_Supplied information:_
══════

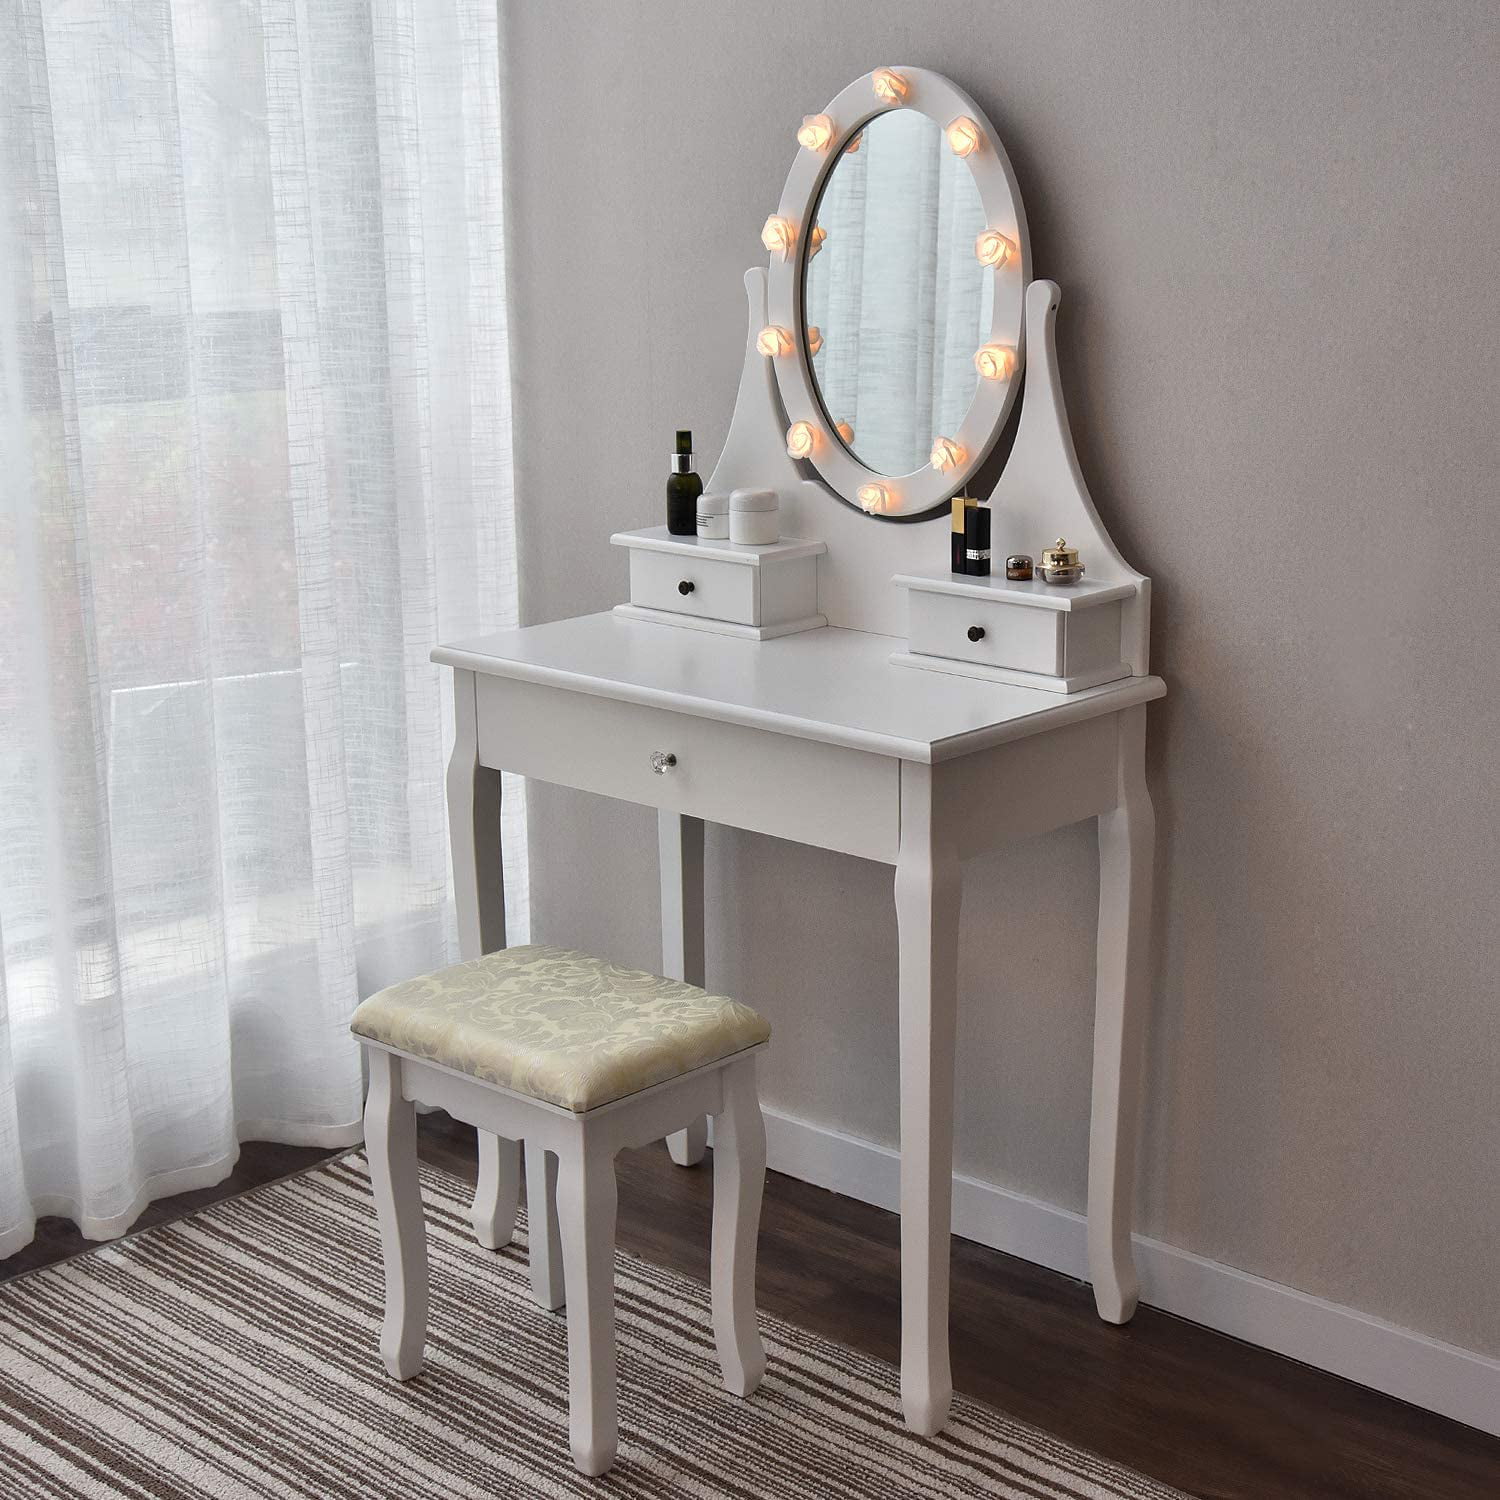 Elecwish Makeup Vanity Table Set Mirror, Makeup Vanity Tables With Mirror
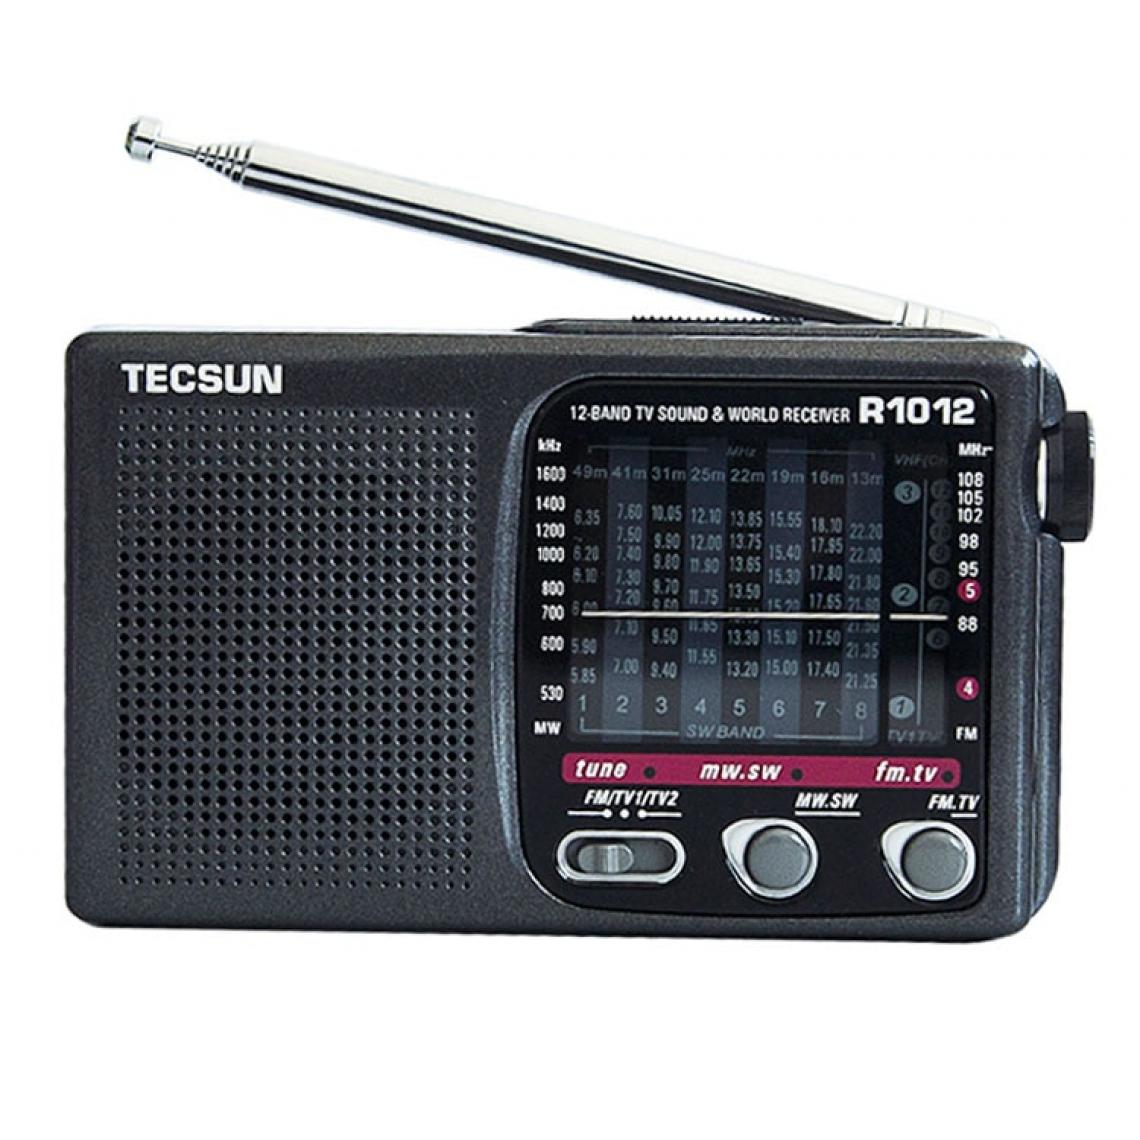 Universal - Radio portable FM/MW/SW/SW/TV Radio Multiband World Band Radio Receiver 76 108 MHz | Radio(Le noir) - Radio
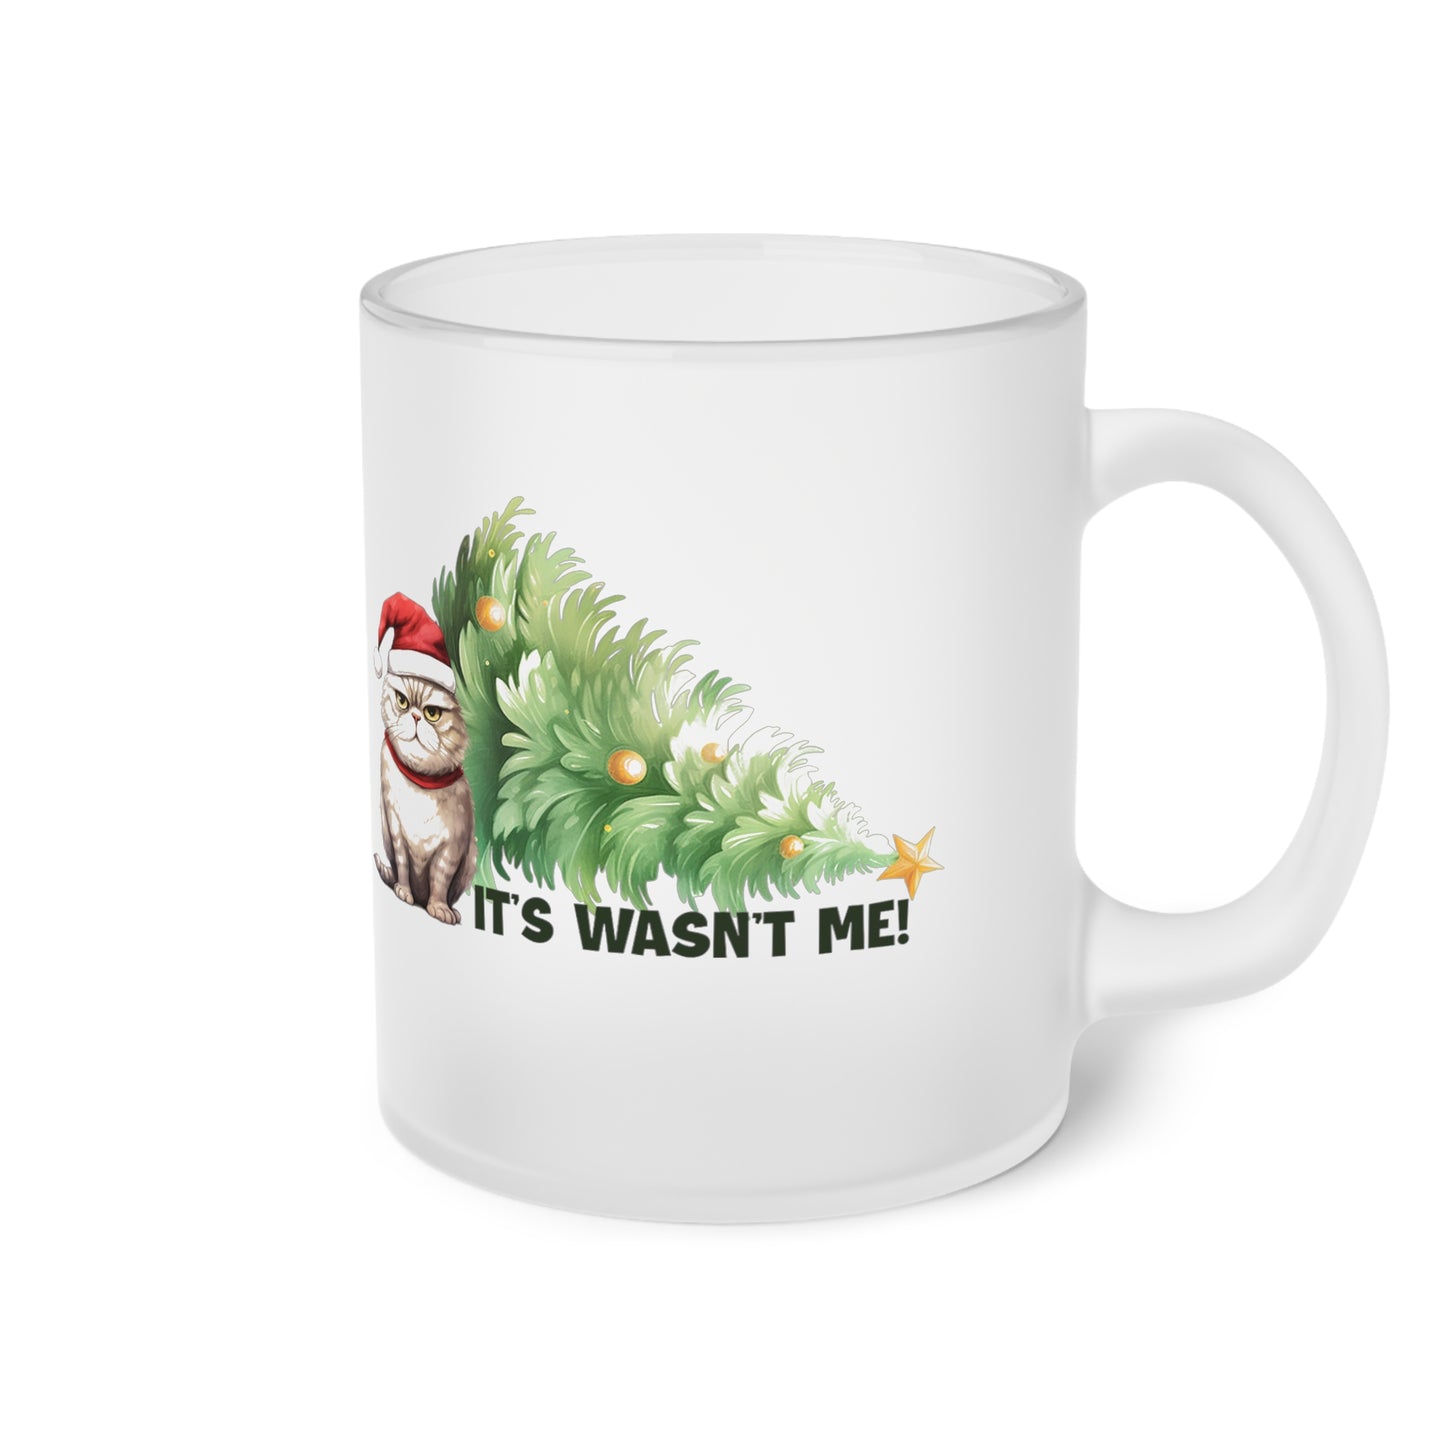 Frosted Glass Mug, Cute Christmas Mug, Cat Themed Holiday Mug, Frosted Mug, Cute Coffee Mug, Holiday Coffee Mug, Frosted Holiday Coffee Mug

══════

_Work item:_ Could you return exactly the lines starting with the one that contains "Universal - Radio" and ending with the last line of the data above? Leave the pictures out.

_Solved exercise:_
 Universal - Radio portable FM/MW/SW/SW/TV Radio Multiband World Band Radio Receiver 76 108 MHz | Radio(Le noir) - Radio
 Frosted Glass Mug, Cute Christmas Mug, Cat Themed Holiday Mug, Frosted Mug, Cute Coffee Mug, Holiday Coffee Mug, Frosted Holiday Coffee Mug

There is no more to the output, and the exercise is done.